Op vakantie met een taaljournalist
Het kan een fikse klus zijn om leesvoer voor op de camping te verzamelen. Dit jaar is het niet zo moeilijk: neem in elk geval Vakantie in eigen taal van Gaston Dorren mee in je koffer.
Als zelfbenoemd taaljournalist publiceerde Dorren reeds meerdere boeken. Taaltoerisme werd al in het Engels vertaald, en andere internationale edities zijn onderweg. Wie Vakantie in eigen taal leest, begrijpt waarom Dorrens werk een groot publiek trekt. Hij schrijft uiterst leesbare, overwegend korte stukjes. Daarbij neemt hij zowel taal als zichzelf niet te serieus, maar tegelijkertijd blijft hij niet aan de oppervlakte steken.
Dat is fout!
Vakantie in eigen taal biedt een gevarieerd geheel aan onderwerpen. Een pleidooi om het gebruik van de trema te beëindigen, een tip om het e-book dat je leest niet te vergeten, een bespreking van de mooiste versus de lelijkste taal, de uitspraak van ‘pass’, misvattingen over gebarentaal en een uitleg over het juiste gebruik van de puntkomma: het is slechts een kleine opsomming van de afwisselende kwesties die de revue passeren.
Een thema dat in een boek over taal niet lijkt te mogen ontbreken, is taalverloedering. ‘Me’ in plaats van ‘mijn’, ‘irriteren aan’, ‘hun hebben’: er zijn genoeg moppermogelijkheden. Daar doet Dorren niet aan mee. In plaats daarvan wil hij liever af van zijn ‘conservatieve taalreflex’, en legt hij uit waarom de gemaakte fouten volgens hem eigenlijk bijzonder logisch of helemaal niet erg zijn. Is het een probleem om ‘irriteren’ als een wederkerend werkwoord te gebruiken, net als bij ‘ergeren’? Nee, vindt de taaljournalist: de Fransen, van wie we het woord geleend hebben, doen het zelf ook.
Is er dan geen enkel taalverschijnsel waar Dorrens nekharen recht van overeind gaan staan? Toch wel. Soms wordt het zelfs hem te veel:
Hoe kranig ik mezelf ook voorhou dat taal nu eenmaal verandert, dat dat niet erg maar juist hartstikke interessant is en dat ik daar al helemaal niets aan kan doen – het helpt niet.

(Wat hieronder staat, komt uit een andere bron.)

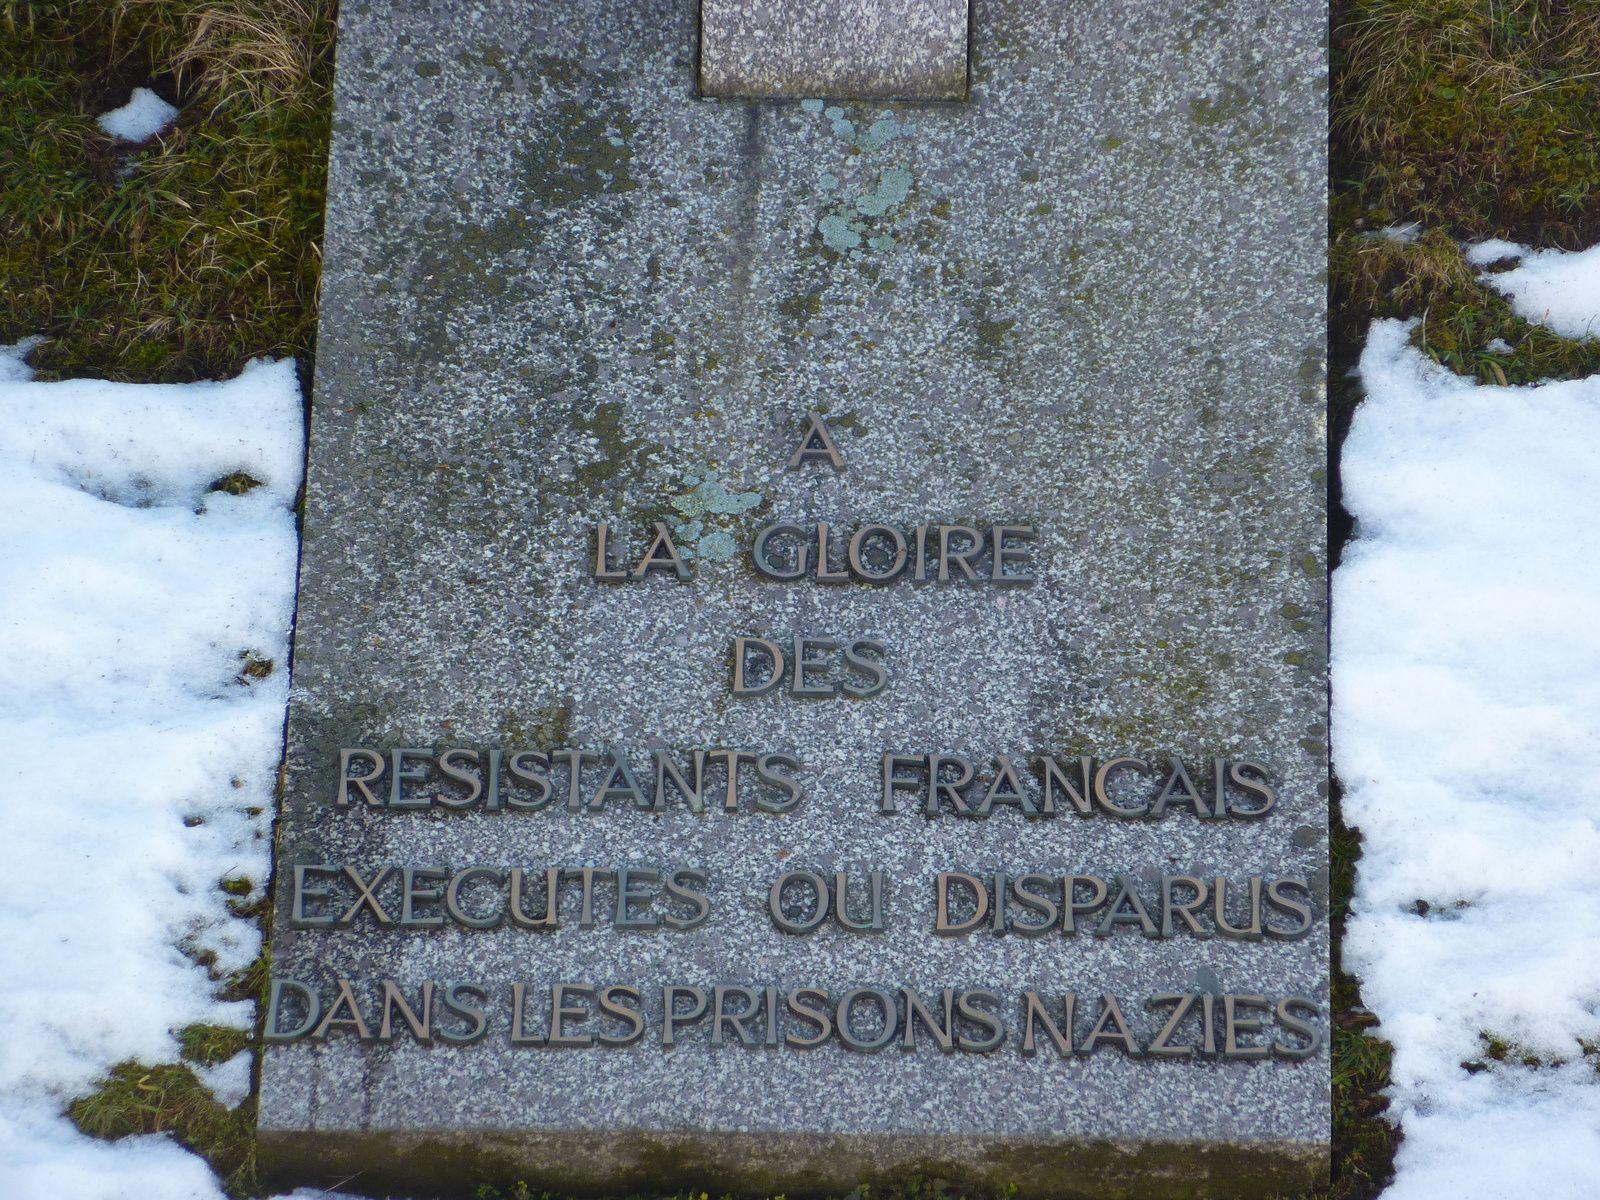 Détail de la Croix de Lorraine inaugurée par le Général de Gaulle en 1960 dans l'ancien camp de Natzweiler-Struthof en hommage aux résistants déportés et disparus.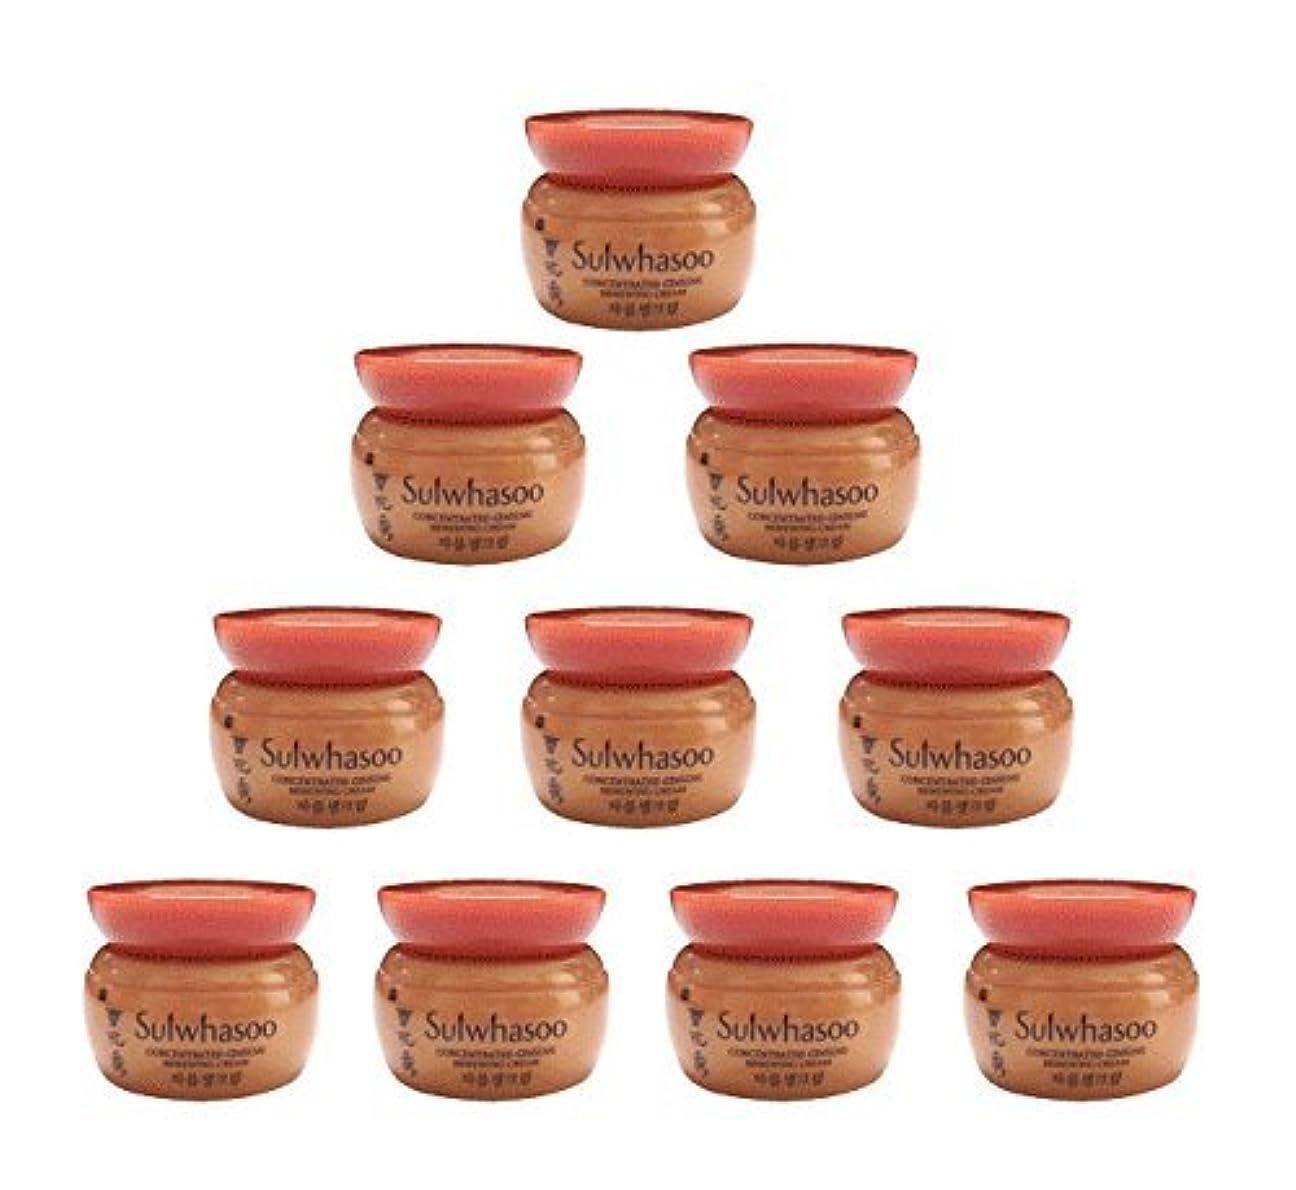 偽夢ファックス【ソルファス 雪花秀 Sulwhasoo】 Concentrated Ginseng Renewing Cream(50ml) 5ml x 10個 韓国化粧品 ブランドのサンプル [並行輸入品]

Wat de emmer doet overlopen? De uitspraak van dementie. Waar je op basis van soortgelijke zelfstandige naamwoorden (assistentie, ambivalentie, frequentie) deméntie zou verwachten, ligt de klemtoon tegenwoordig op de laatste lettergreep. Tot ongenoegen van Dorren: ‘Ik hoor: dementíé, en ik denk: stomme sukkel, dat is fout!’
Bijeenzomeren
Dorren is opgegroeid in het zuiden van Nederland en noemt het Limburgs zijn moedertaal. Het is dan ook niet verwonderlijk dat het Limburgs regelmatig aan de orde komt. Dorren gaat bijvoorbeeld op zoek naar een Nederlands alternatief voor ‘bie-einzeumere’, wat hij als ‘stukje bij beetje verzamelen’ vertaalt. Met name aan het einde van het boek wordt het Limburgs in de spotlights gezet. Voor mensen met een andere moedertaal kan dat wat minder interessant zijn. Maar zeg niet dat Dorren je niet gewaarschuwd heeft: meteen in de inleiding noemt hij diverse redenen om Vakantie in eigen taal vooral links te laten liggen. De hoeveelheid aandacht voor zijn moerstaal wordt aangestipt, net als het feit dat het boek ietsje rommelig en informeel is. Dat is inderdaad het geval. Door dit alles echter zelf al te benoemen, maait de auteur vakkundig het gras voor de voeten van de recensent weg.
Vakantie in eigen taal sluit af met twee toegiften: een puzzel en een overzicht van bezienswaardigheden in de Lage Landen voor de taalliefhebber. Daarmee is Dorrens werk met recht een vakantieboek te noemen. Waarheen de reis deze zomer ook gaat, een vakantie in eigen taal blijkt hoe dan ook een aanrader.